Писателя можно не раз упрекнуть в непоследовательности. Но кто из просветителей этого периода, жаждавших общественных преобразований и устрашенных уже явственно ощутимыми плодами буржуазного прогресса, не испытывал колебаний, не начинал сомневаться в основных ценностях просветительской идеологии - в непреоборимой силе разума, в существовании естественных прав человека и т. д. Разве был свободен от них крупнейший авторитет Голдсмита - Вольтер? Голдсмит и своим происхождением, и жизненным опытом, и симпатиями теснее всего был связан с английским и ирландским крестьянством. Обездоленные, разоренные, лишенные крова бедняки - вот герои его главных произведений - поэмы "Покинутая деревня" и романа "Векфильдский священник". Здесь коренятся истоки подлинного демократизма, столь выделяющего его среди современных ему английских писателей, здесь и истоки многих его иллюзий, колебаний и даже некоторого консерватизма. Вот почему вольтерьянское свободомыслие и скептицизм в отношении многих феодальных институтов - монархии, религии и права - уживаются у него с присущей крестьянству идеализацией патриархальных нравов, гуманного государя и веры отцов и дедов.
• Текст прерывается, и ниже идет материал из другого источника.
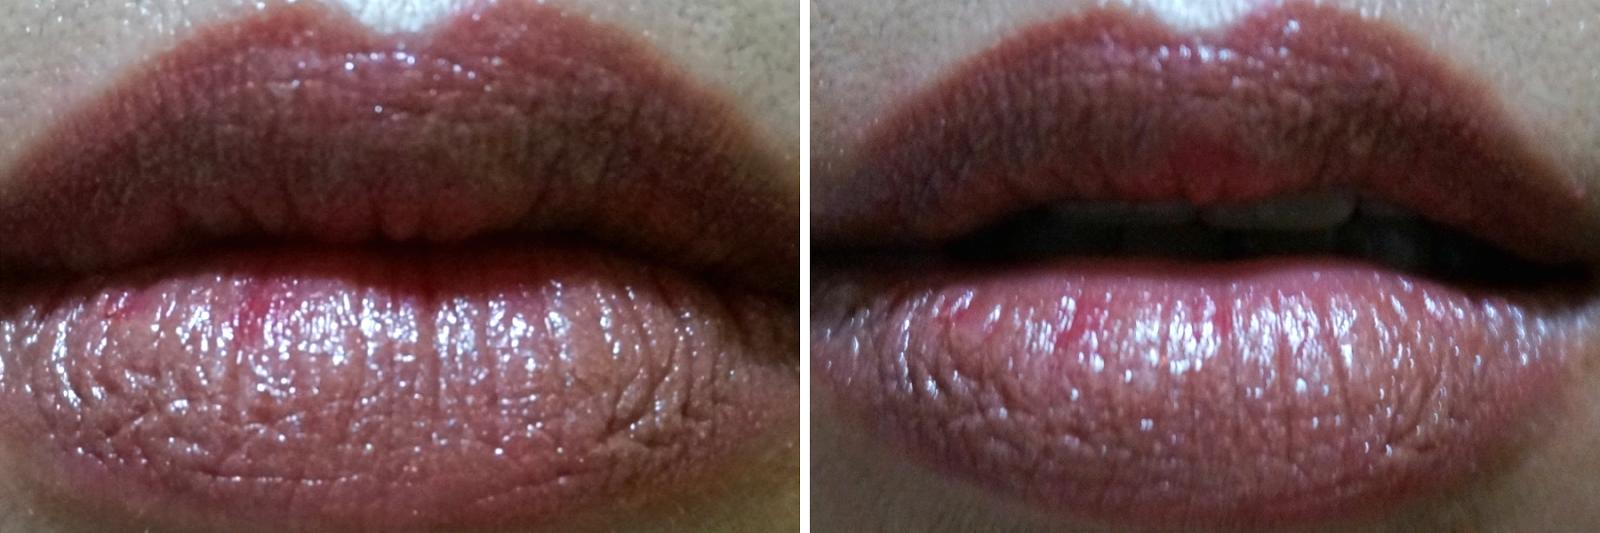 Rimmel Lipstick in Precious Brown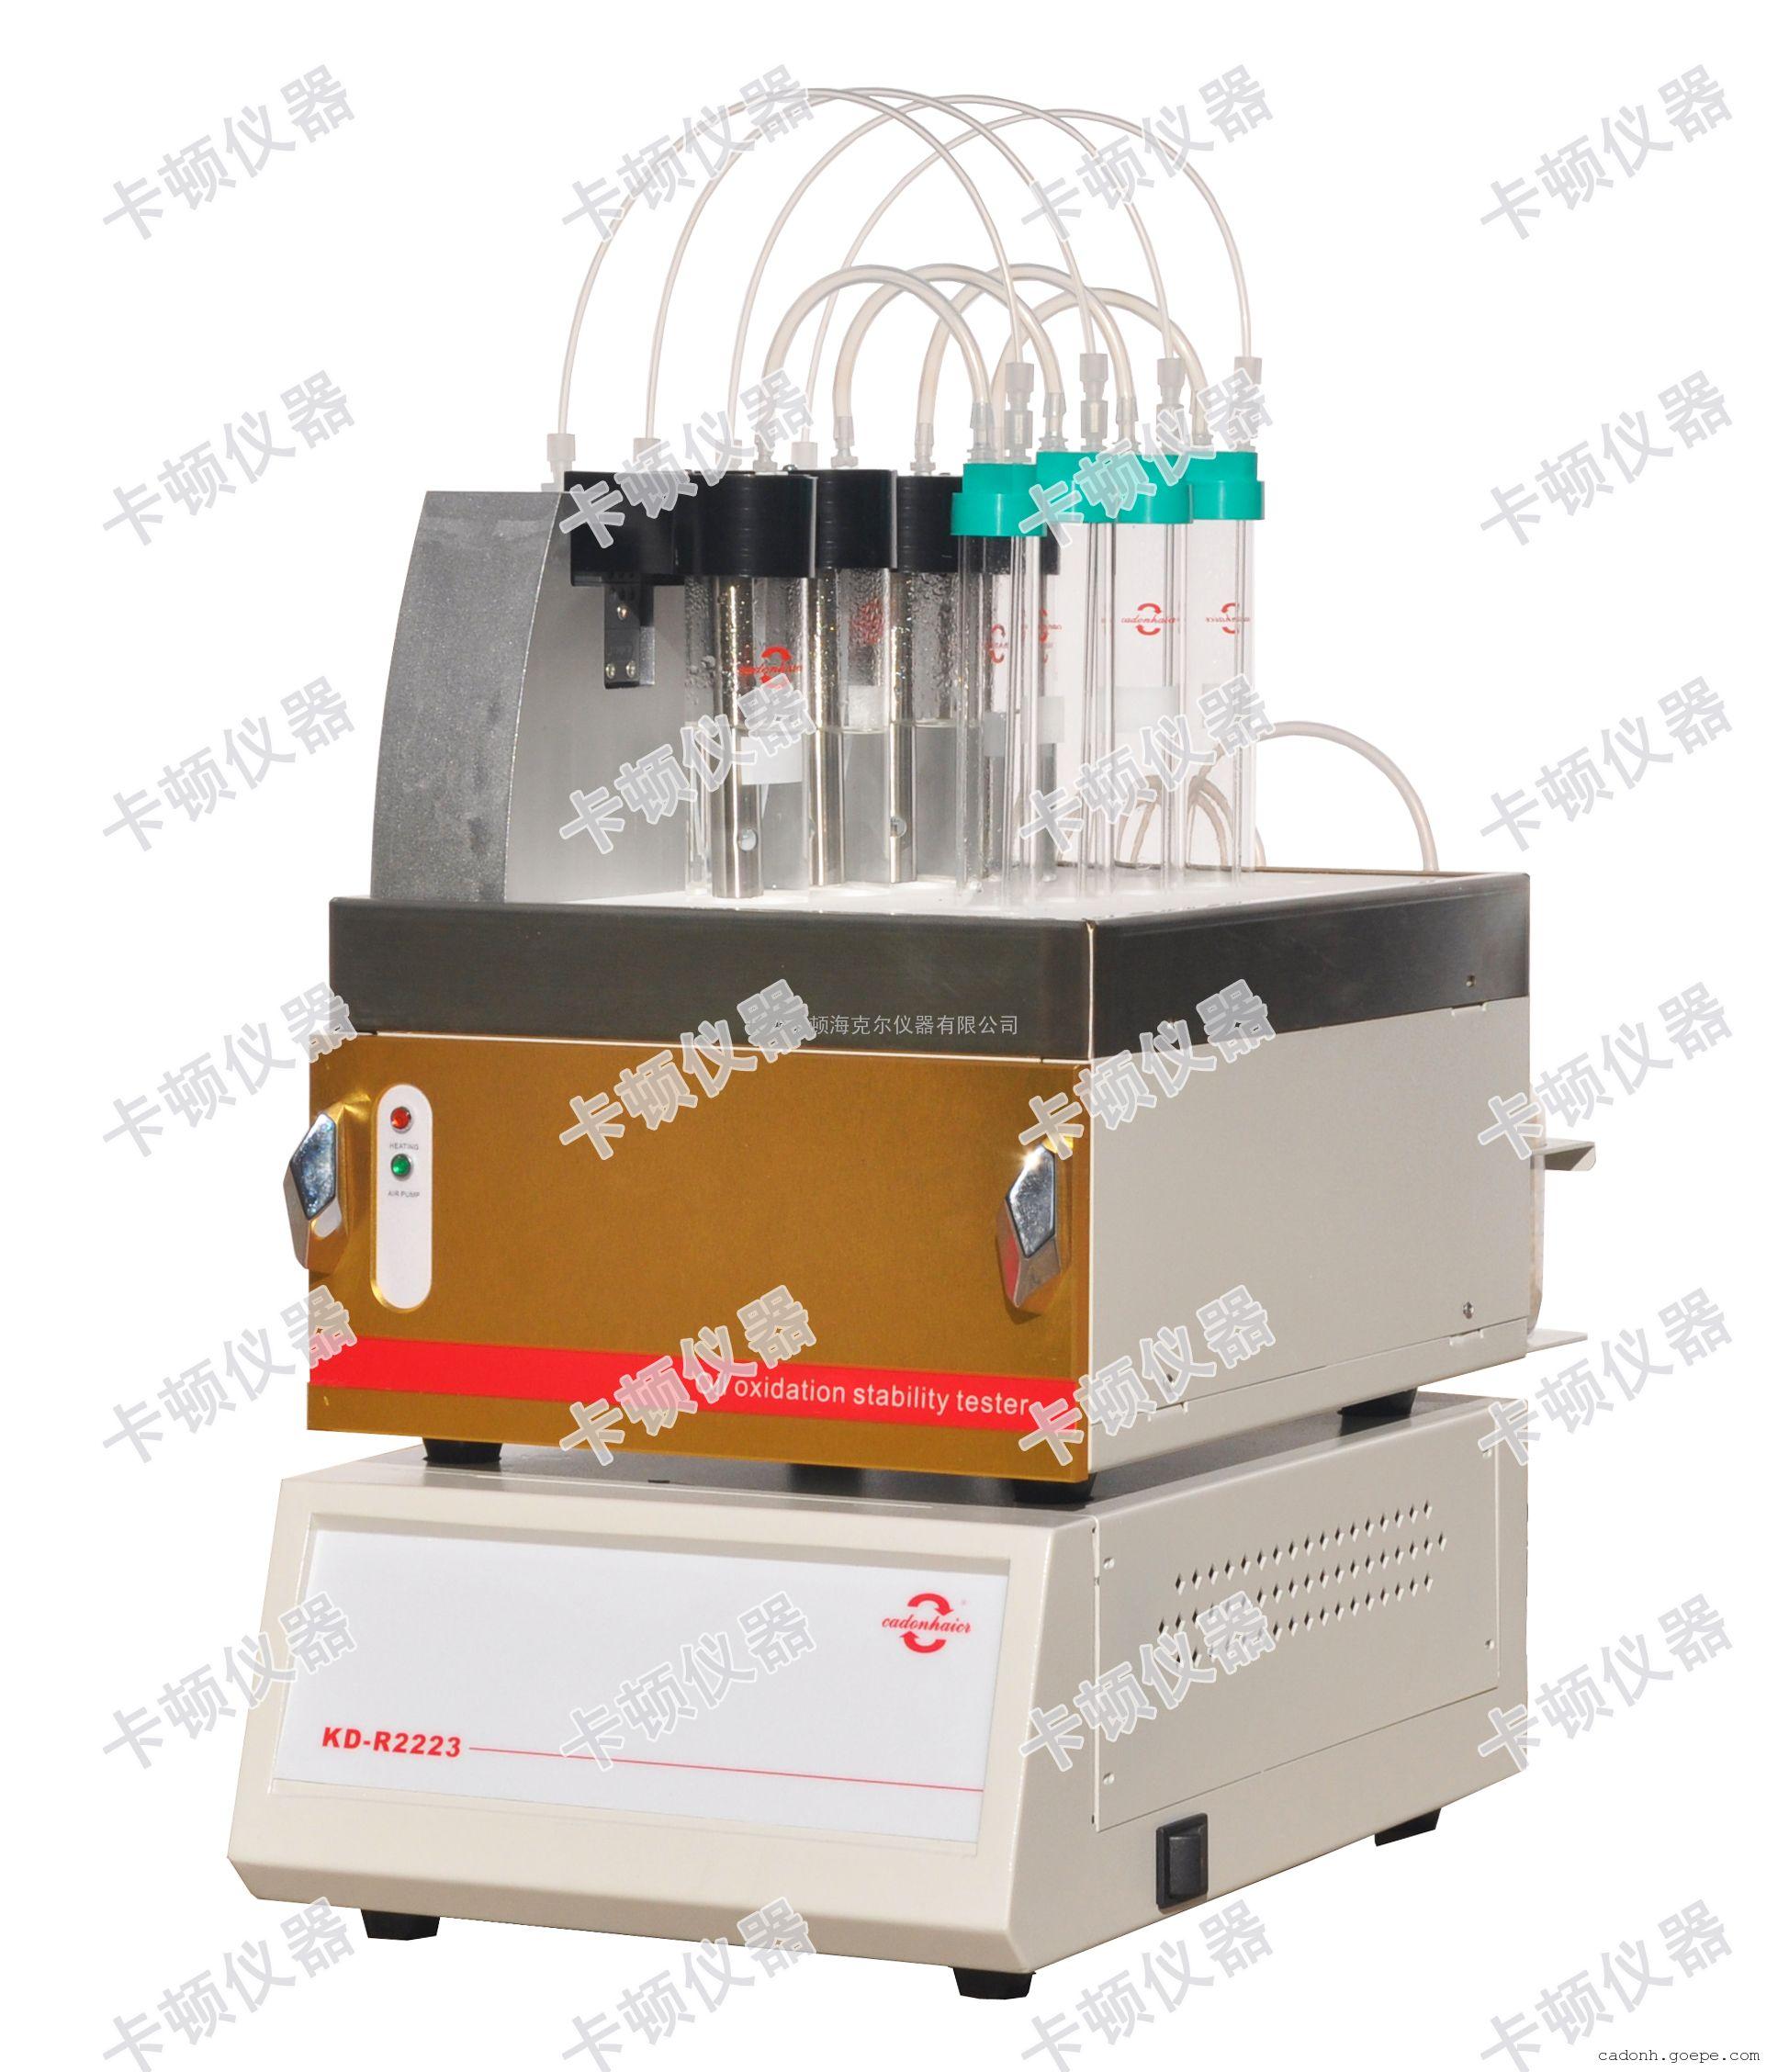 全自动食用油氧化稳定性测定仪EN14112

Не случайно в одном из очерков "Гражданина мира" герой признается, что, стремясь всесторонне рассмотреть запутанный предмет, человек "неизбежно будет часто менять свои взгляды, блуждать в разноголосице мнений и противоречивых доказательств" (CXXI). Размышлял над этими неразрешимыми для него вопросами и Голдсмит. Тому, кто знаком с "Векфильдским священником", где не раз высказывается мысль, что только религия способна принести утешение бедняку, что единственна" надежда угнетенных - на небесное блаженство, странно будет читать в "Гражданине мира" строки: "В каждой стране, мой друг, брамины, бонзы и жрецы морочат народ... жрецы указуют нам перстом путь на небеса, но сами стоят на месте и не торопятся проделать этот путь" (X). В предисловии к роману Голдсмит говорит, что в пасторе Примрозе "воплощены три важнейших назначения человека на земле: он - священник, землепашец и отец семейства", а в XXV очерке "Гражданина мира" он пишет, что устное увещевание необходимо только дикарю и что "в век просвещения почти каждый становится читателем и внемлет поучениям типографского станка, а не с церковной кафедры".